YOUR GOAL: With the images removed, write out every line below exactly.
---------- THE DATA ----------
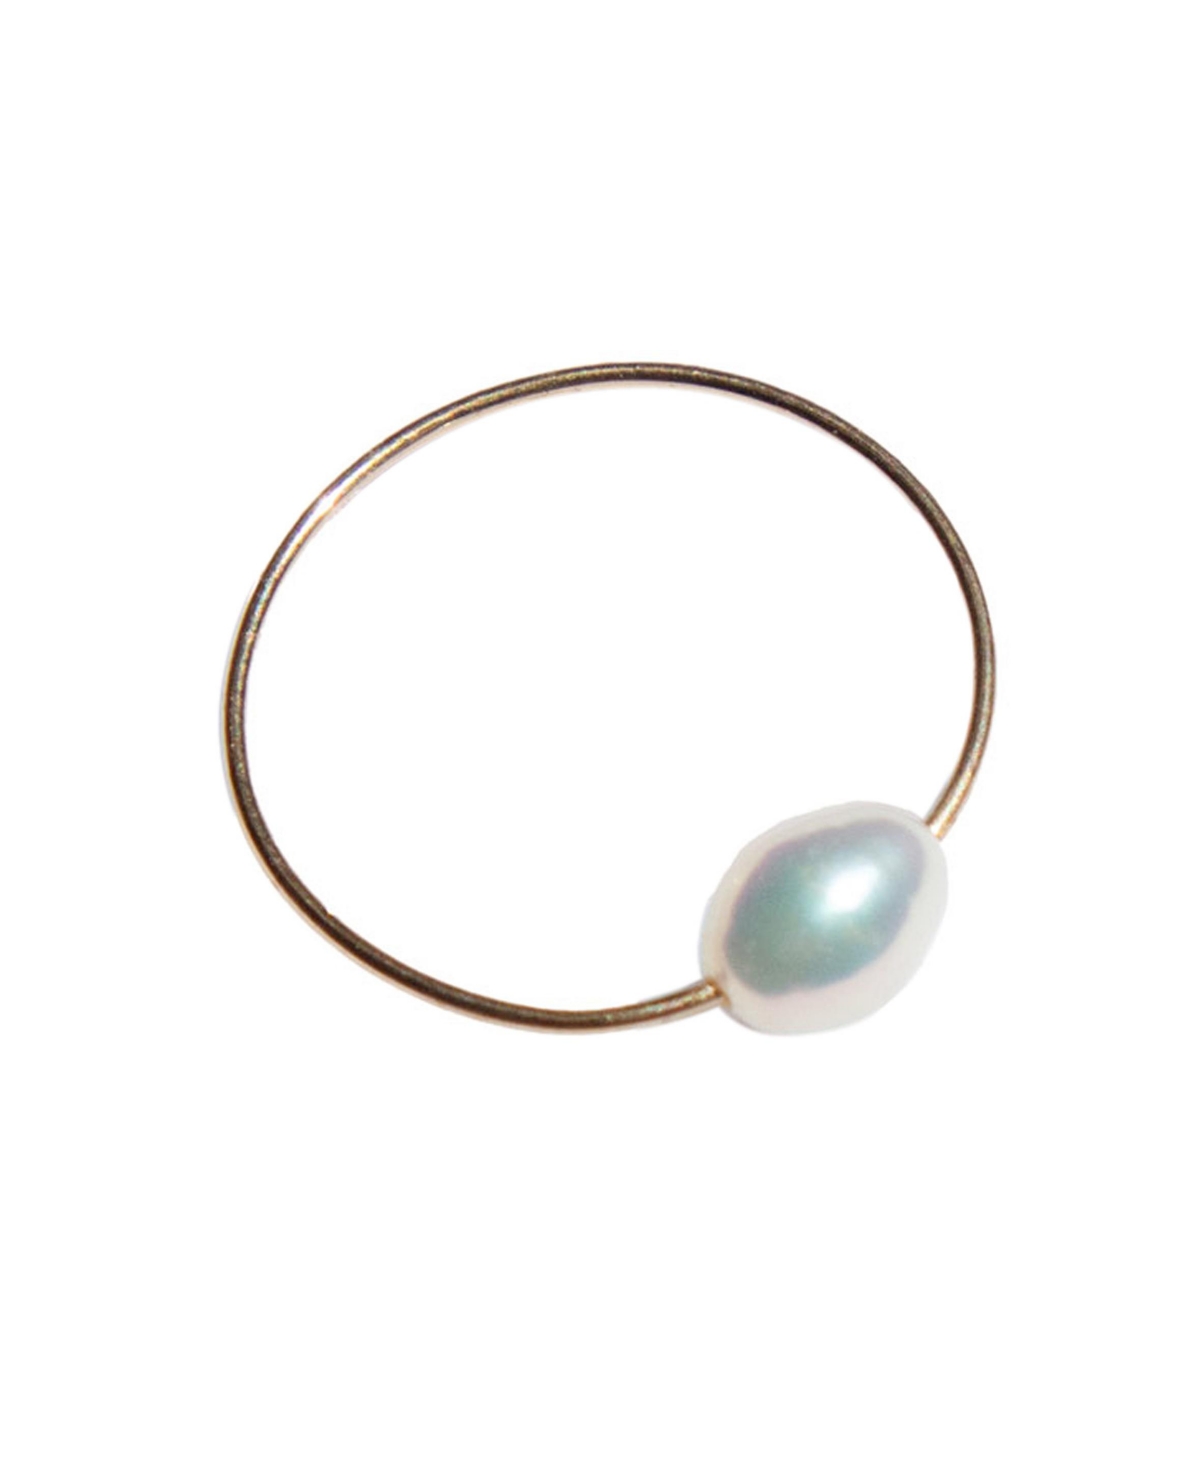 Eden - freshwater pearl skinny gold ring - White
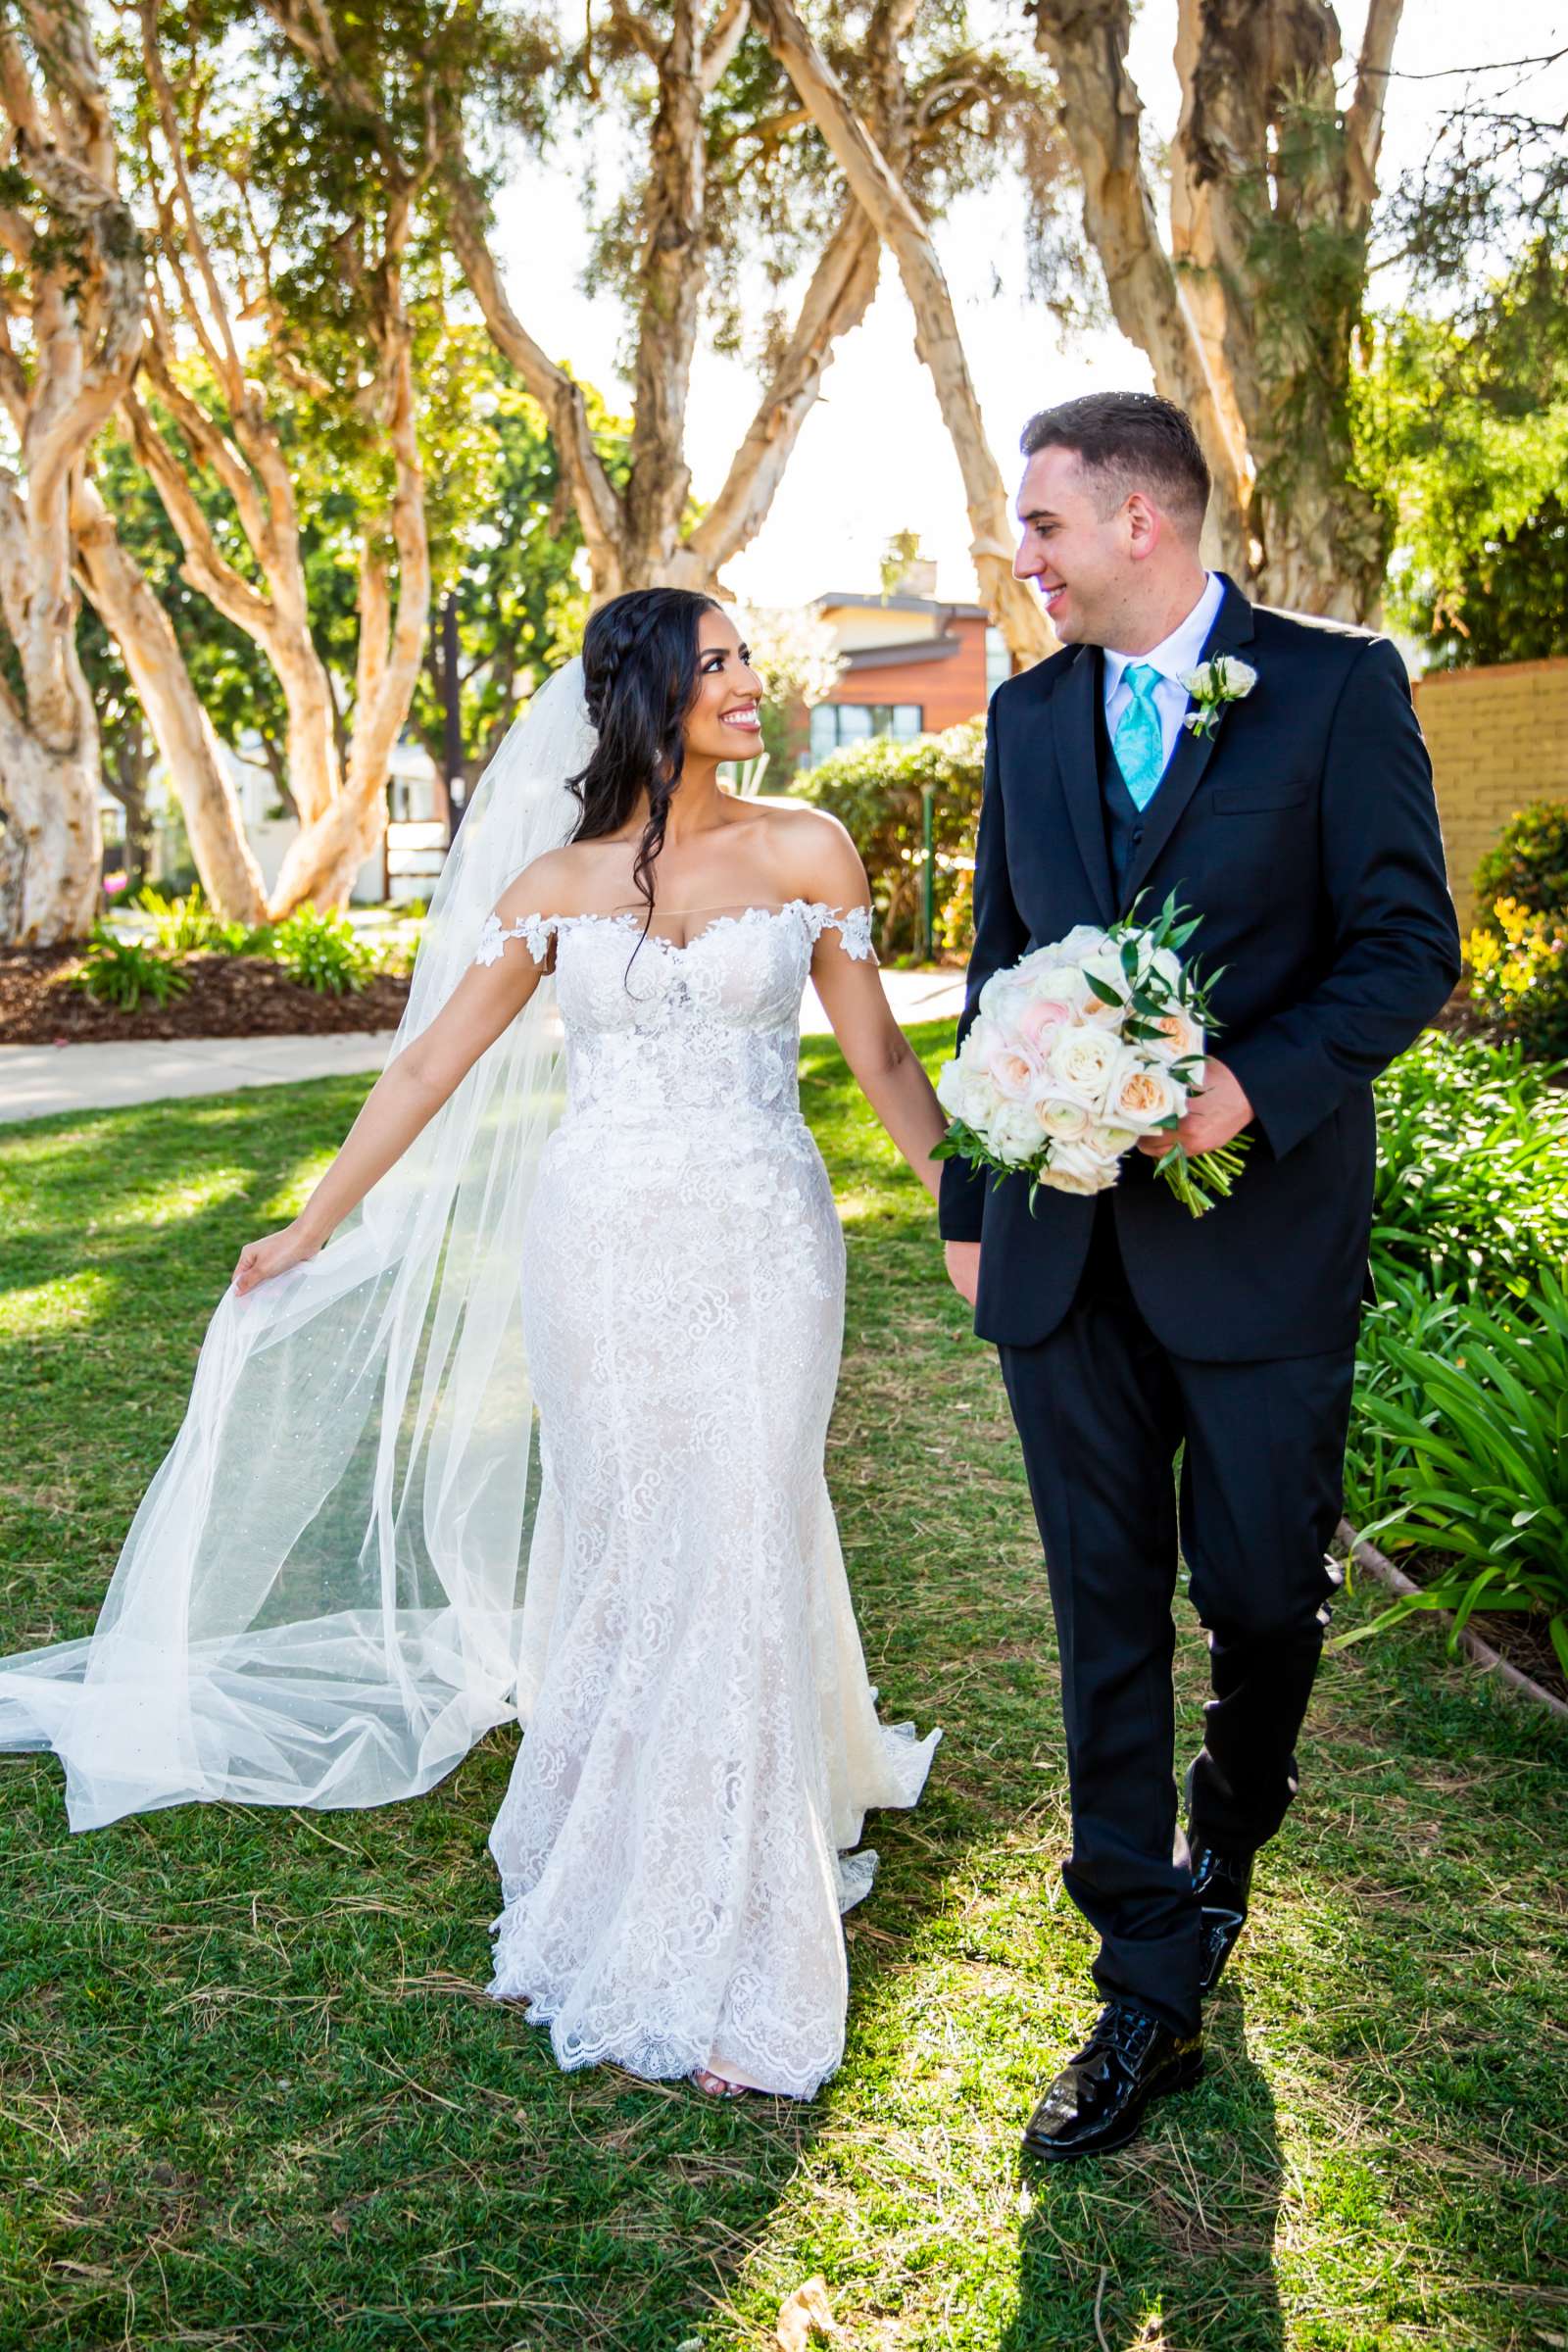 Hotel Del Coronado Wedding, Sarah and Kyle Wedding Photo #22 by True Photography
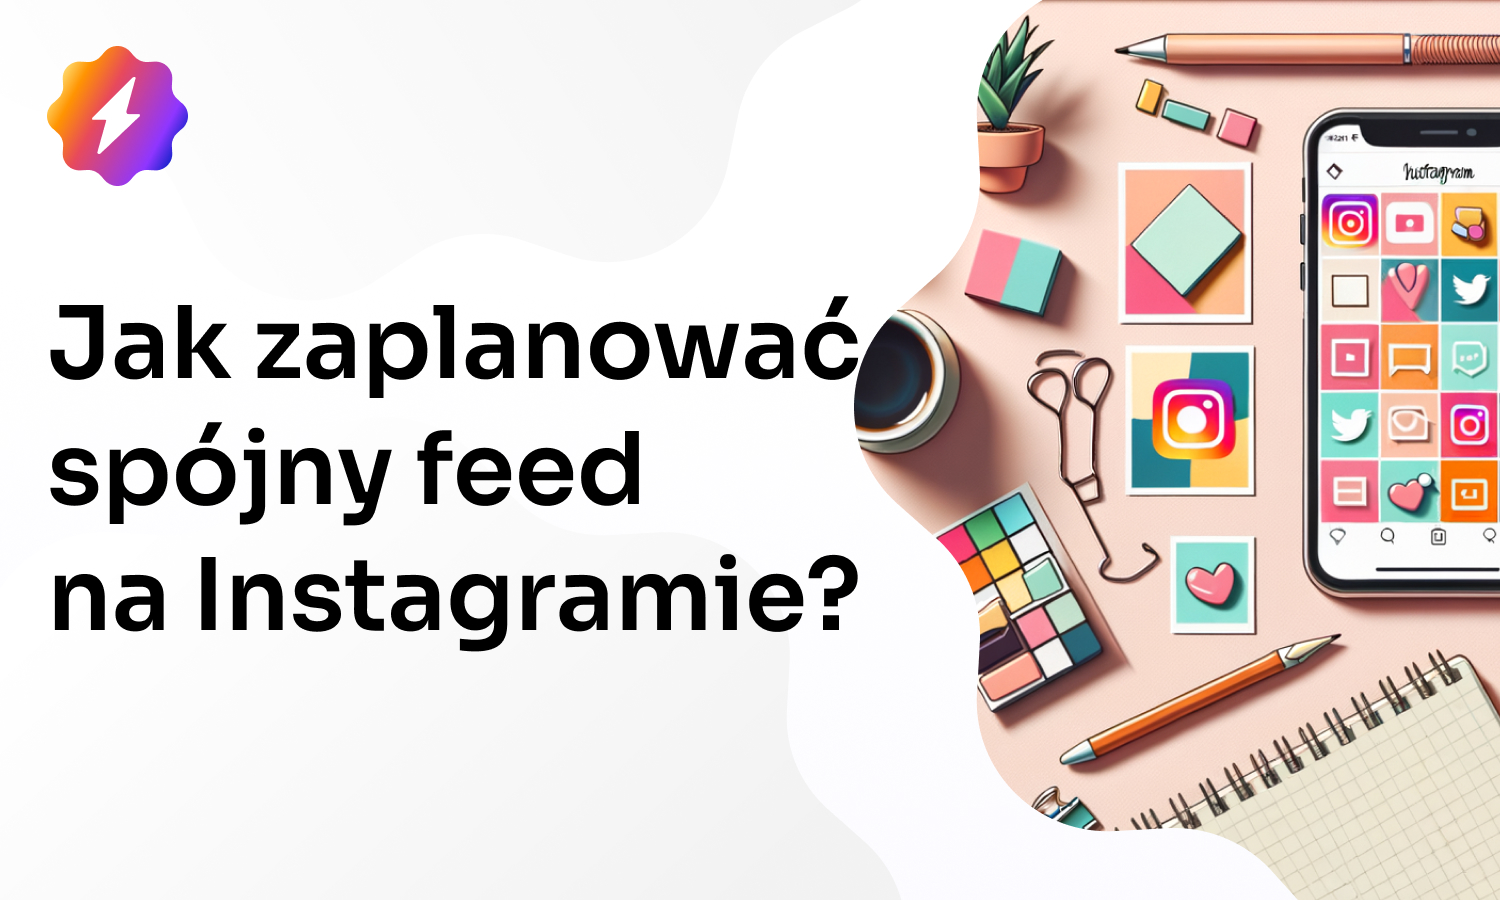 Instagram Feed – Jak zaplanować spójny feed na Instagramie?
----------
TASK ANSWER:
 Eden - freshwater pearl skinny gold ring - White
 Hotel Del Coronado Wedding, Sarah and Kyle Wedding Photo #22 by True Photography
 Instagram Feed – Jak zaplanować spójny feed na Instagramie?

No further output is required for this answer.